**What is expected:**
Print the whole listing below exactly as given, pictures excluded.

**Data:**
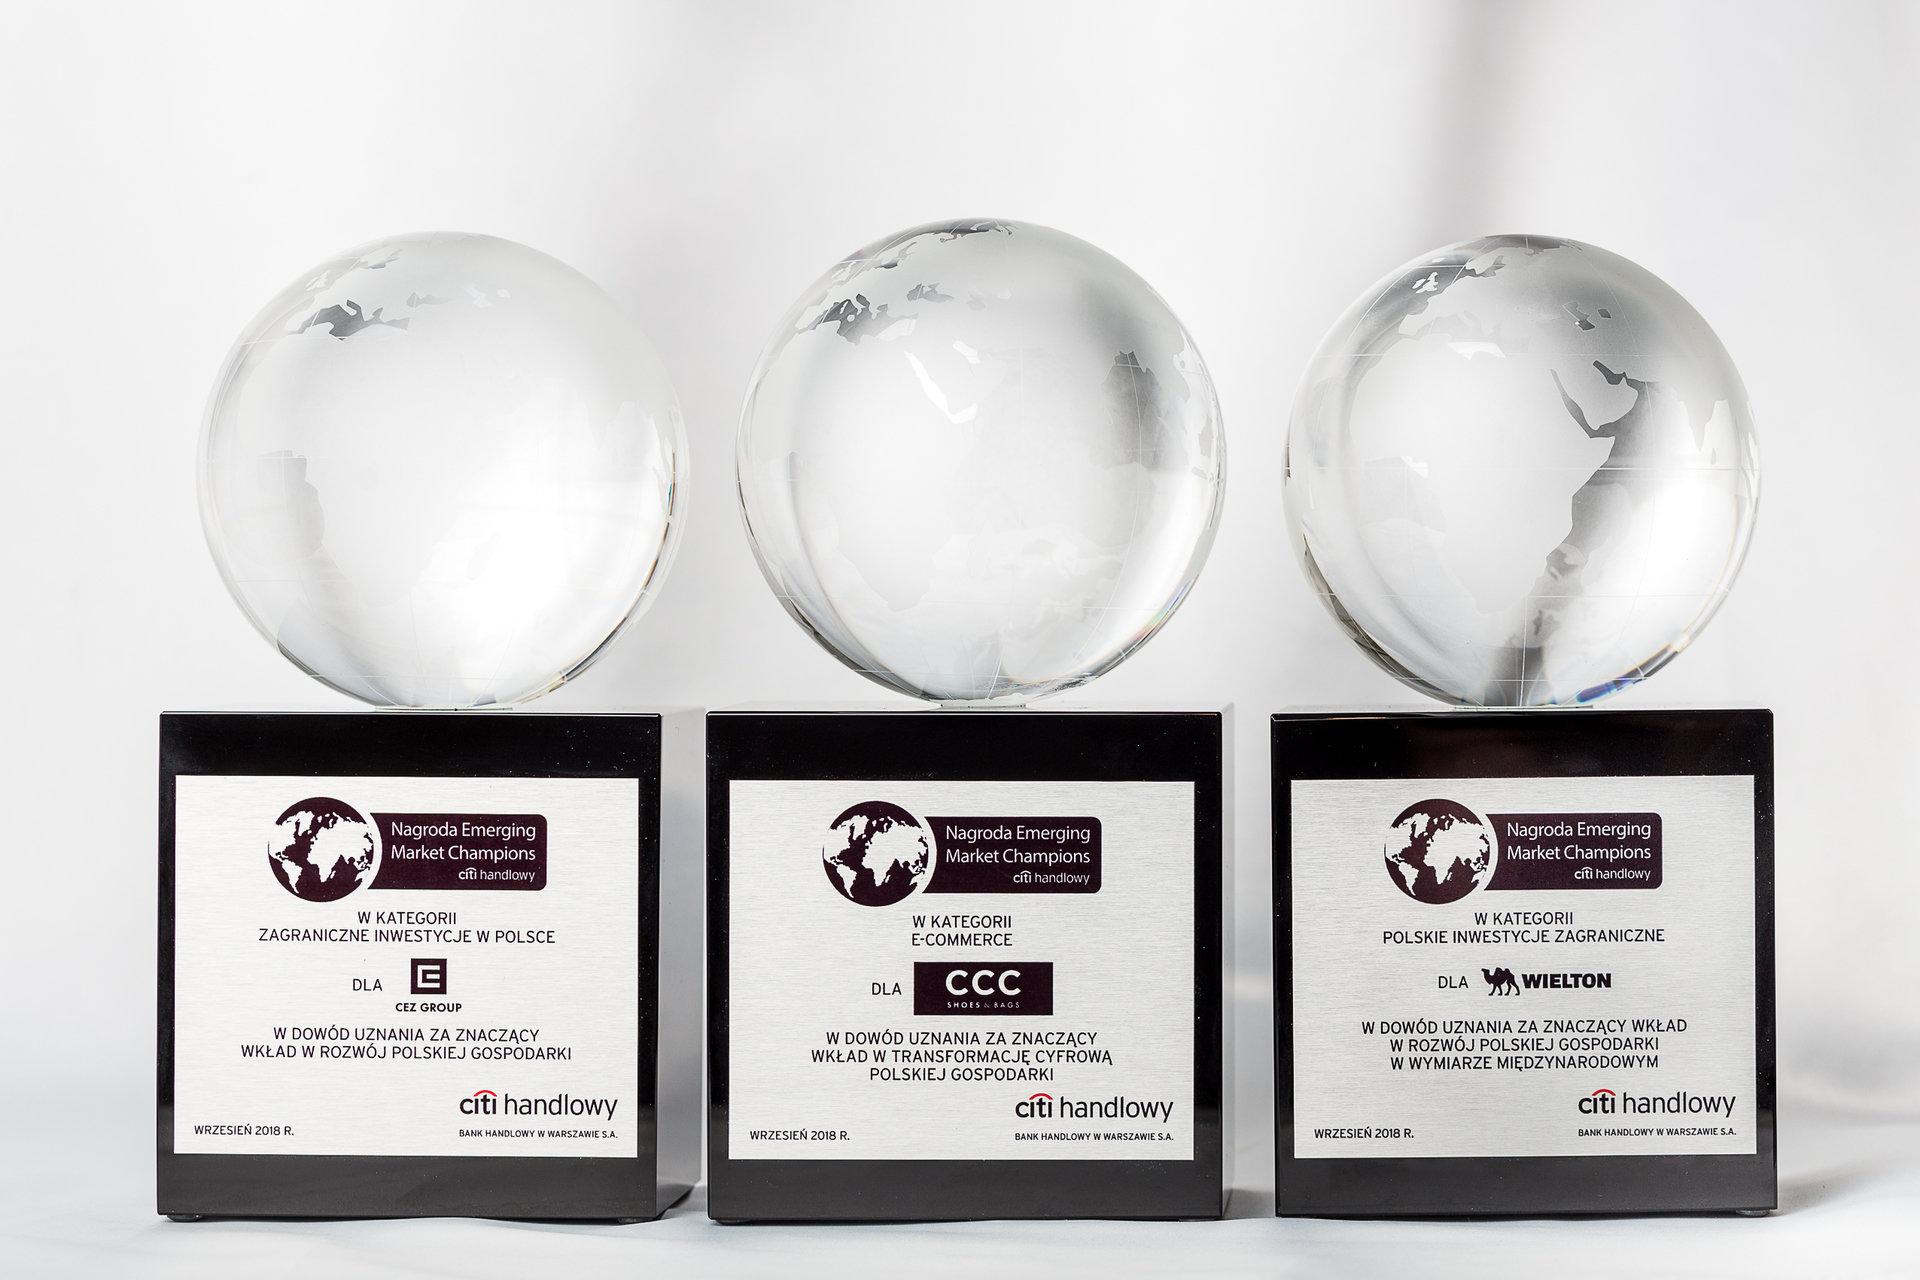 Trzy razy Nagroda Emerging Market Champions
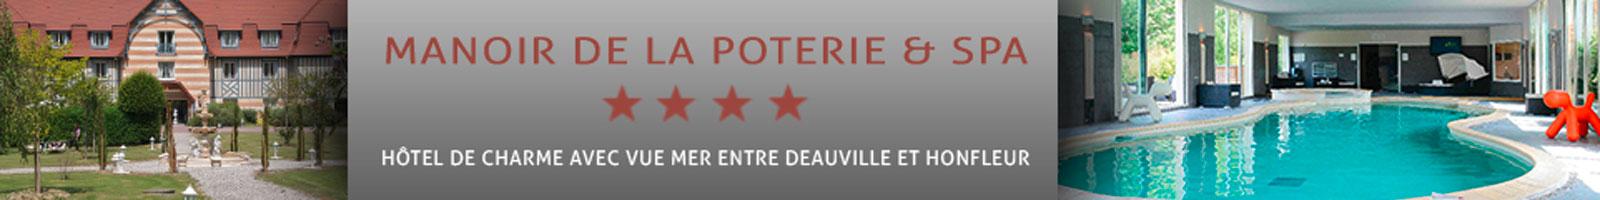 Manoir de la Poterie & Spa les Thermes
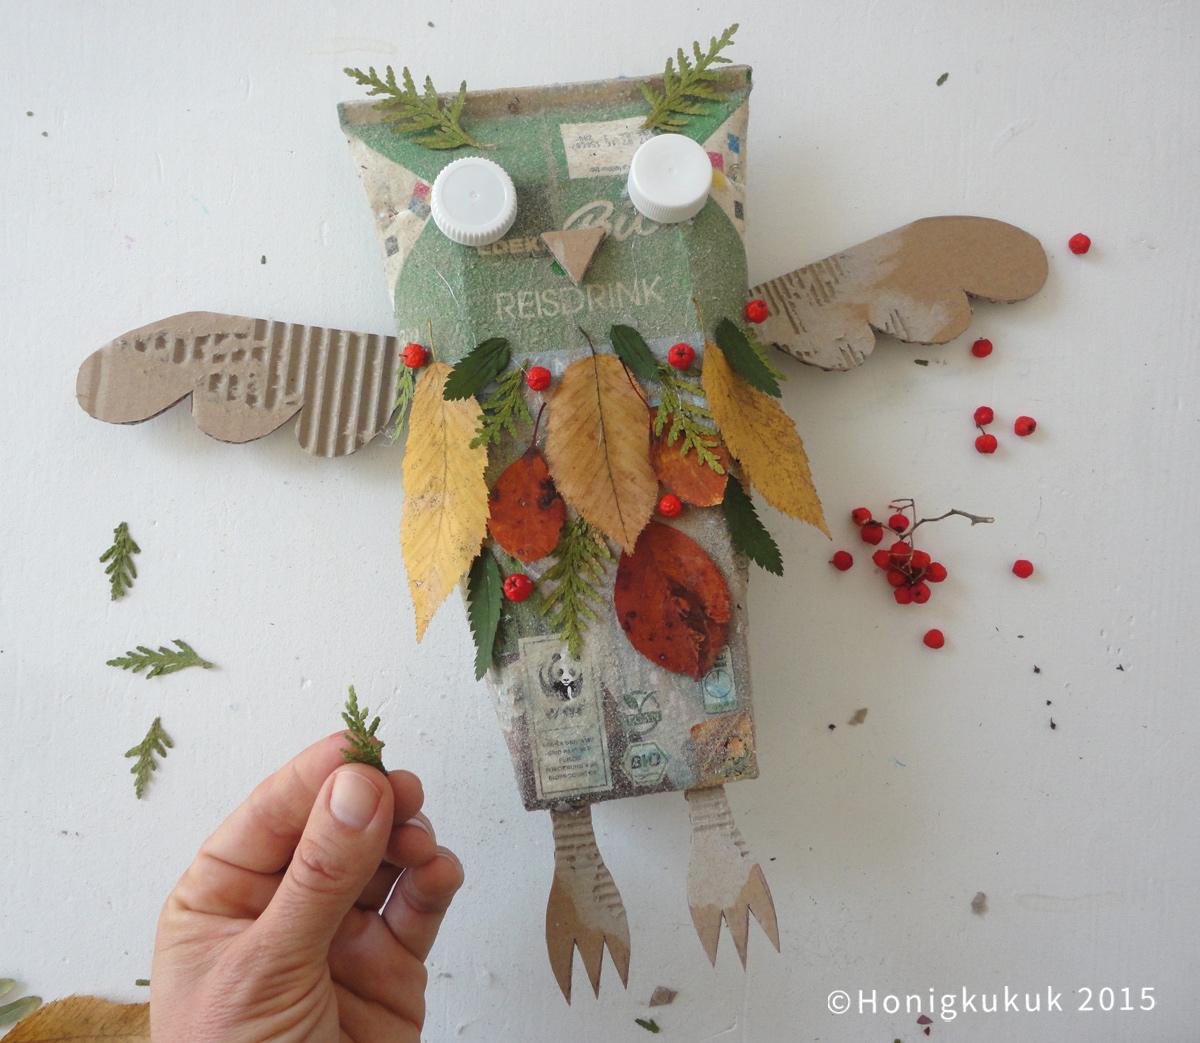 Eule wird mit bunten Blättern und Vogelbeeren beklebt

**Response area:**
 Trzy razy Nagroda Emerging Market Champions
 Manoir de la Poterie & Spa les Thermes
 Eule wird mit bunten Blättern und Vogelbeeren beklebt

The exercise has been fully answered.